* **WHAT NEEDS TO BE DONE**: Pictures are not part of the copy. Set down exactly the lines from the one containing "bald soll es" through the last line of the material below.

═══ COLLECTED MATERIAL ═══

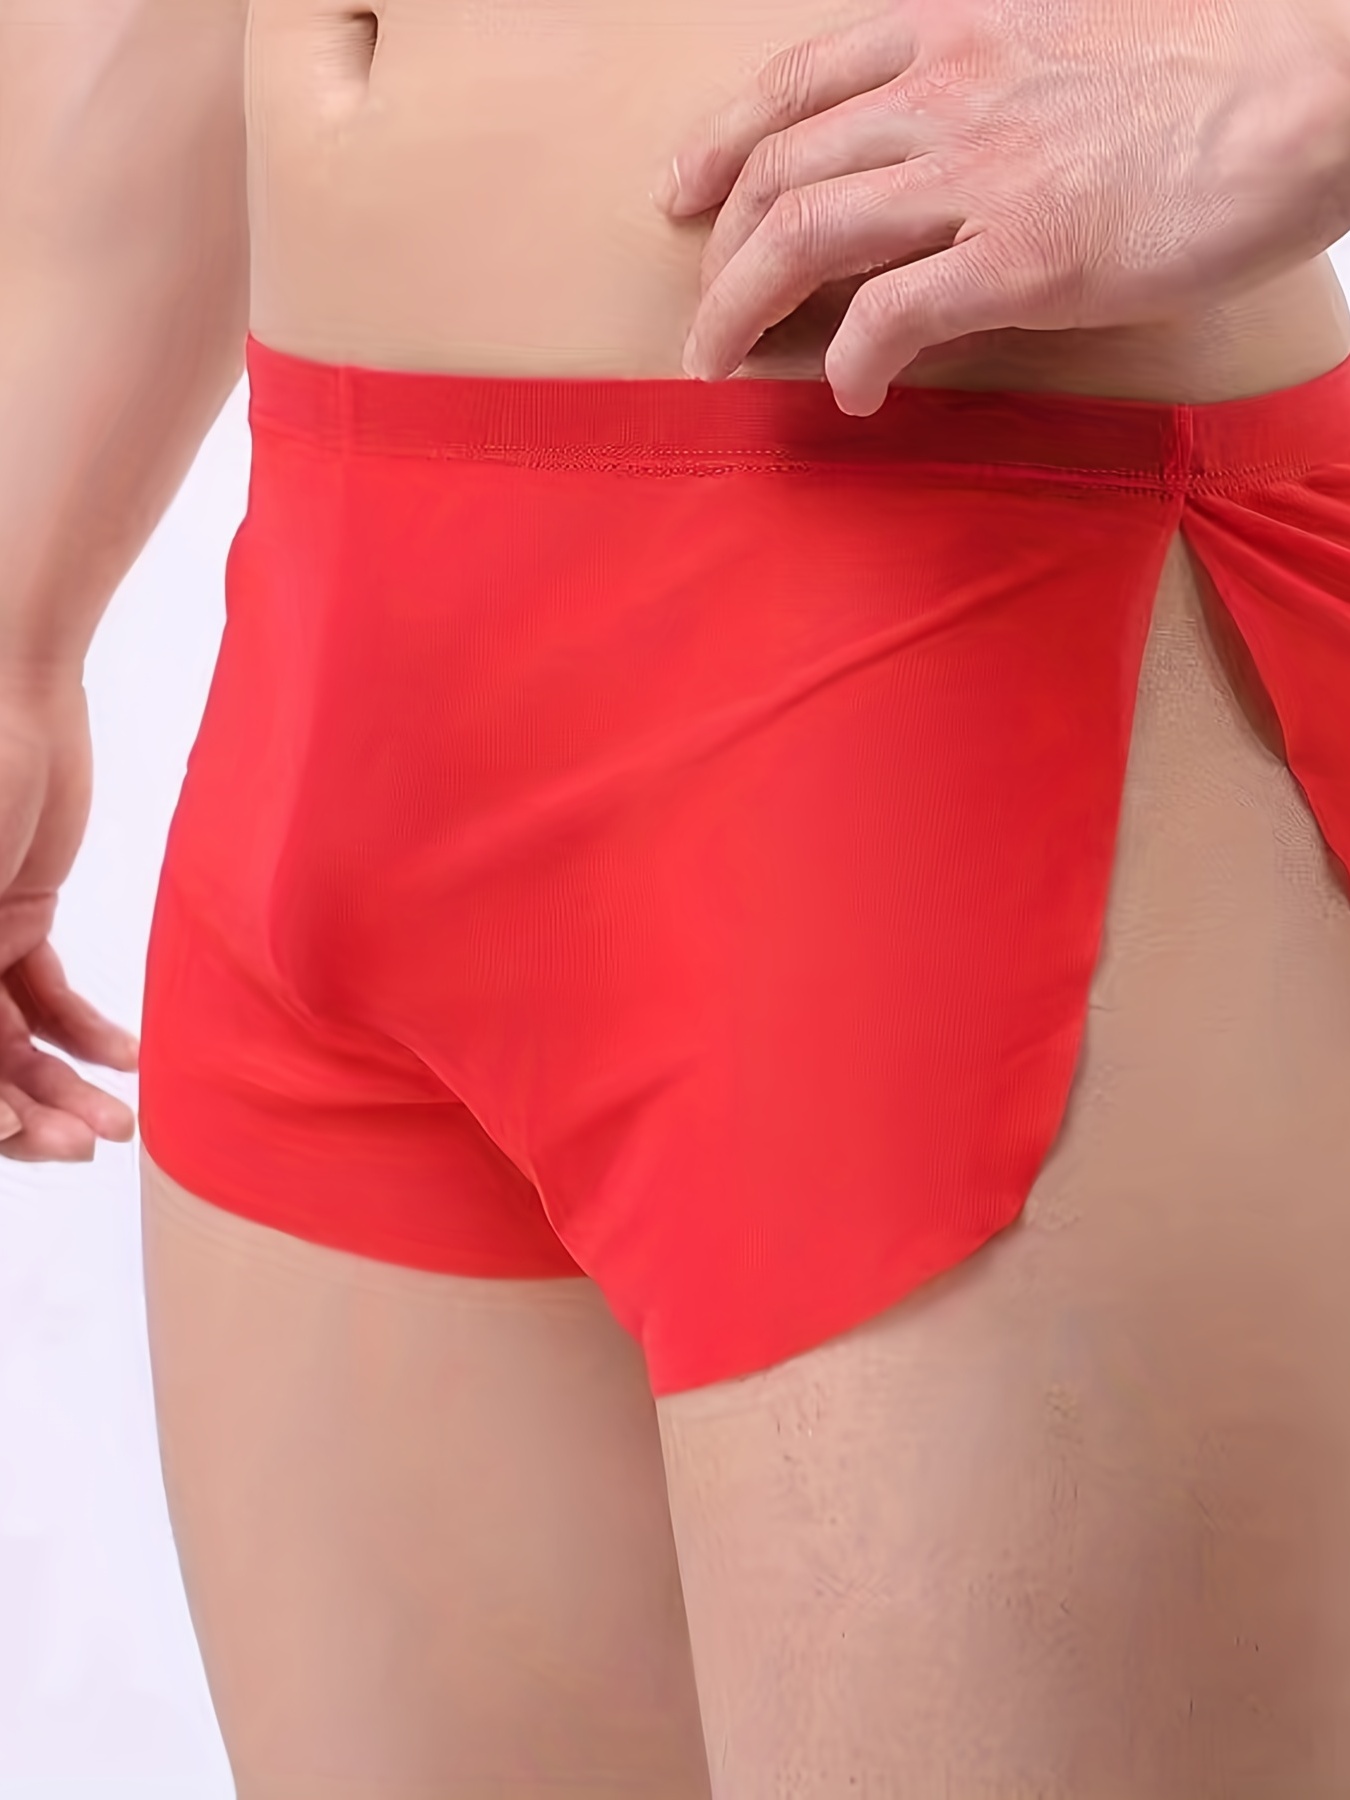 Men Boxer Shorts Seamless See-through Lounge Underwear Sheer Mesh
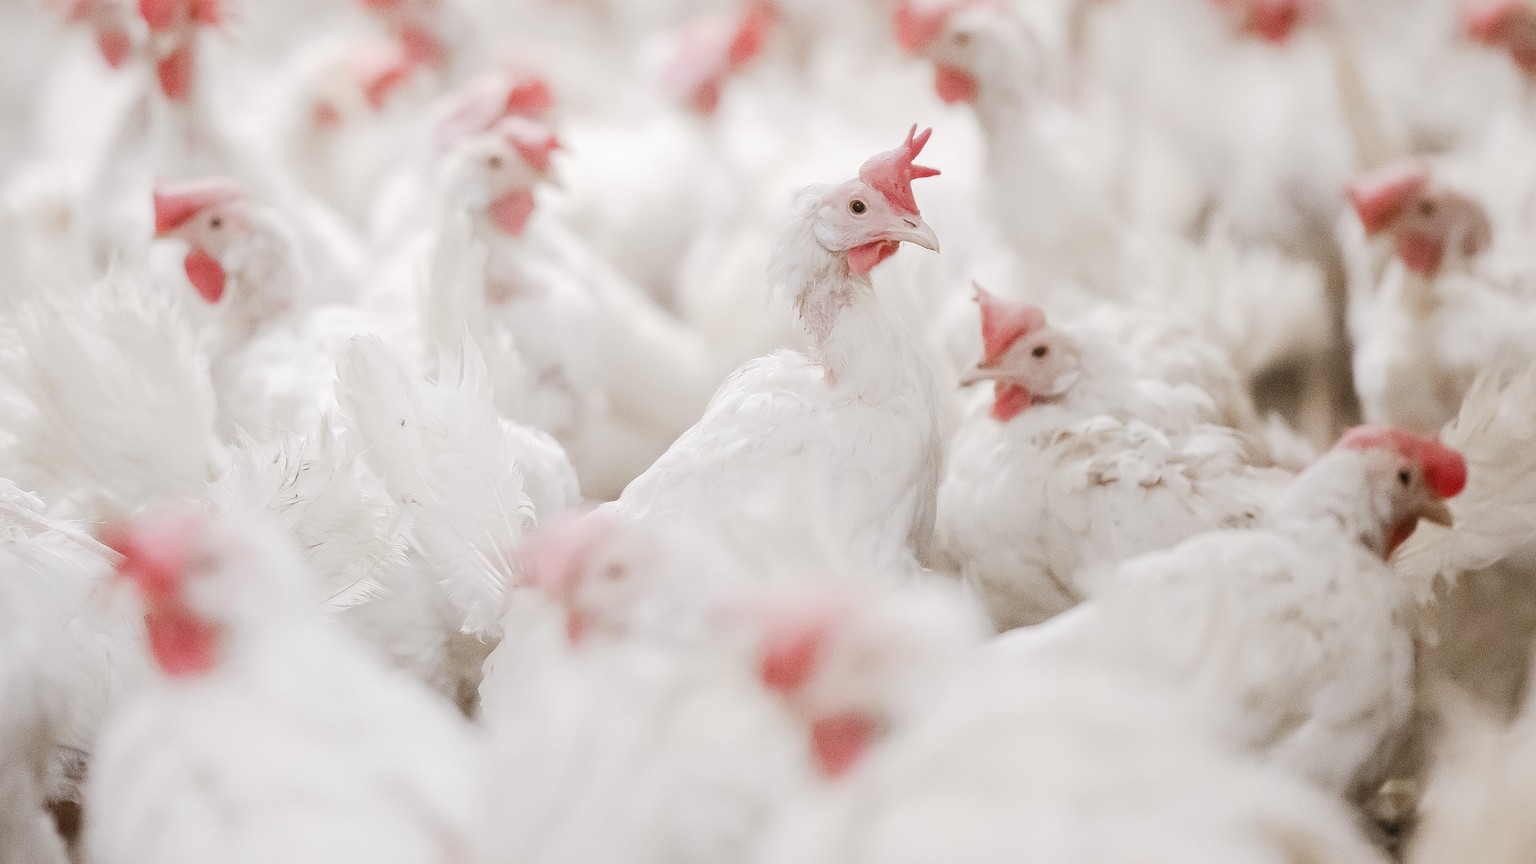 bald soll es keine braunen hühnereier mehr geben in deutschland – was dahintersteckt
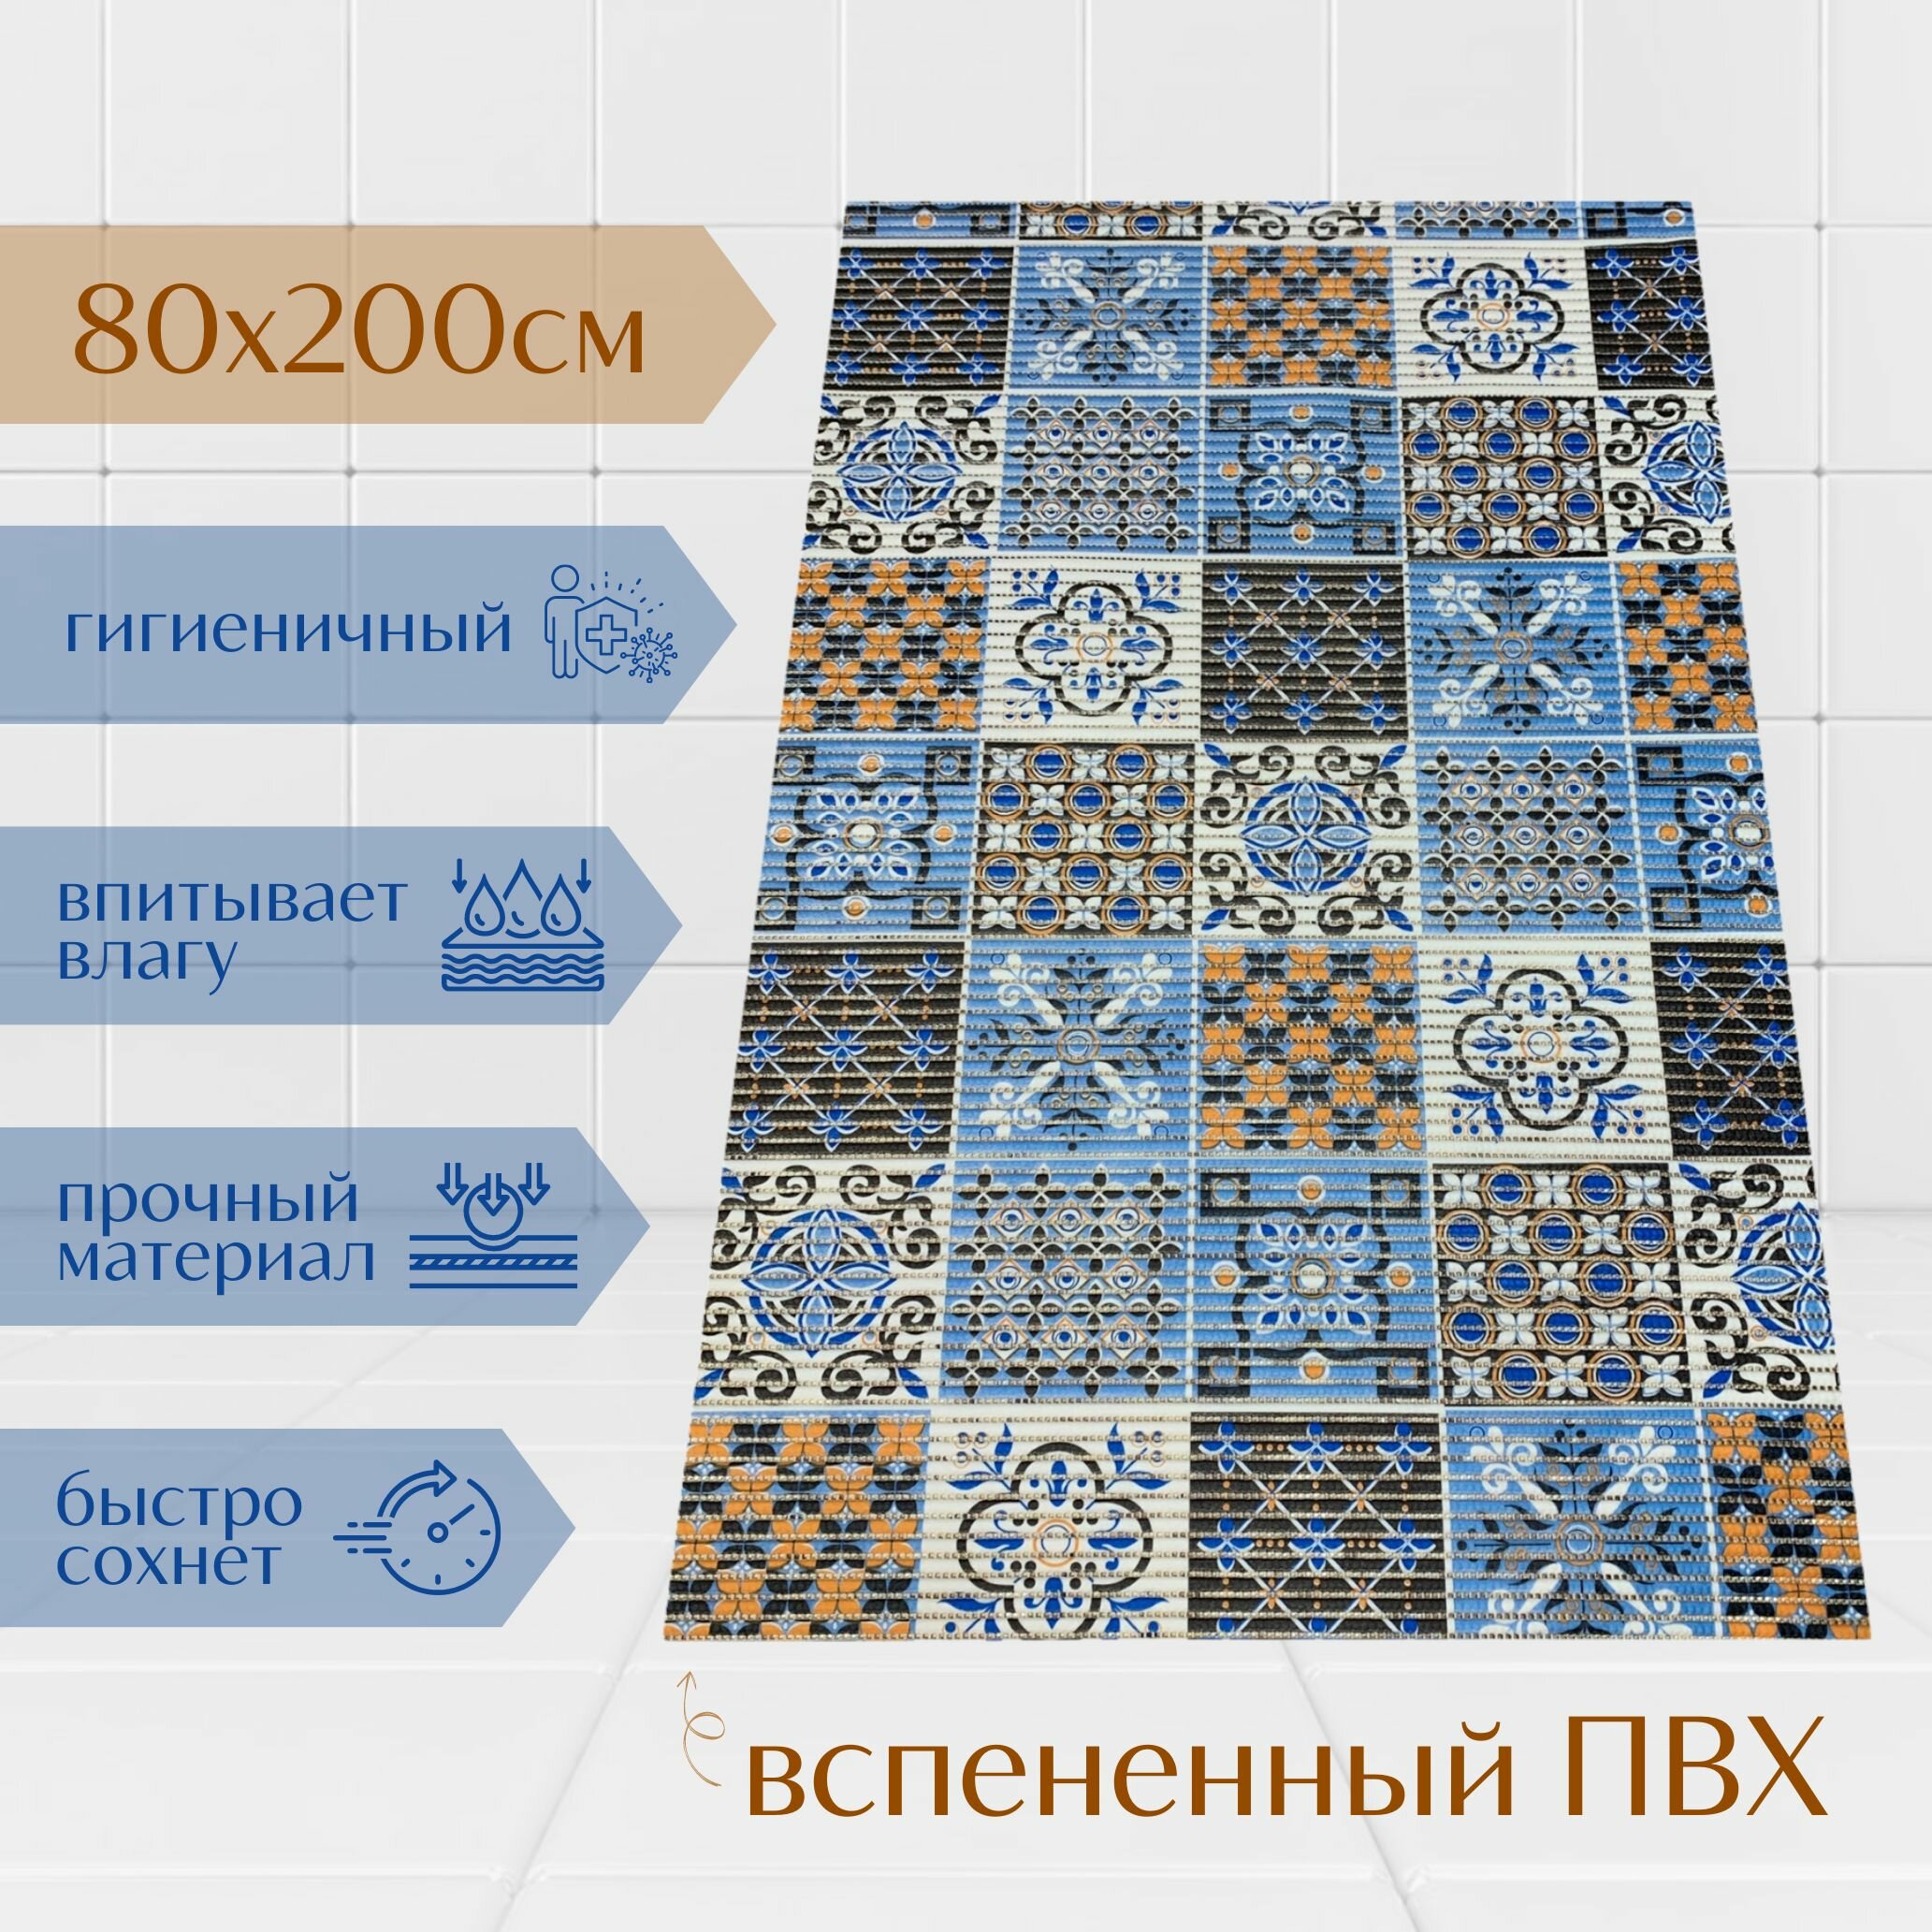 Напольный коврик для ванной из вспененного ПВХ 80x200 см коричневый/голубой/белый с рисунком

═══

* **RESPONSE TO THE EXERCISE**:
 bald soll es keine braunen hühnereier mehr geben in deutschland – was dahintersteckt
 Напольный коврик для ванной из вспененного ПВХ 80x200 см коричневый/голубой/белый с рисунком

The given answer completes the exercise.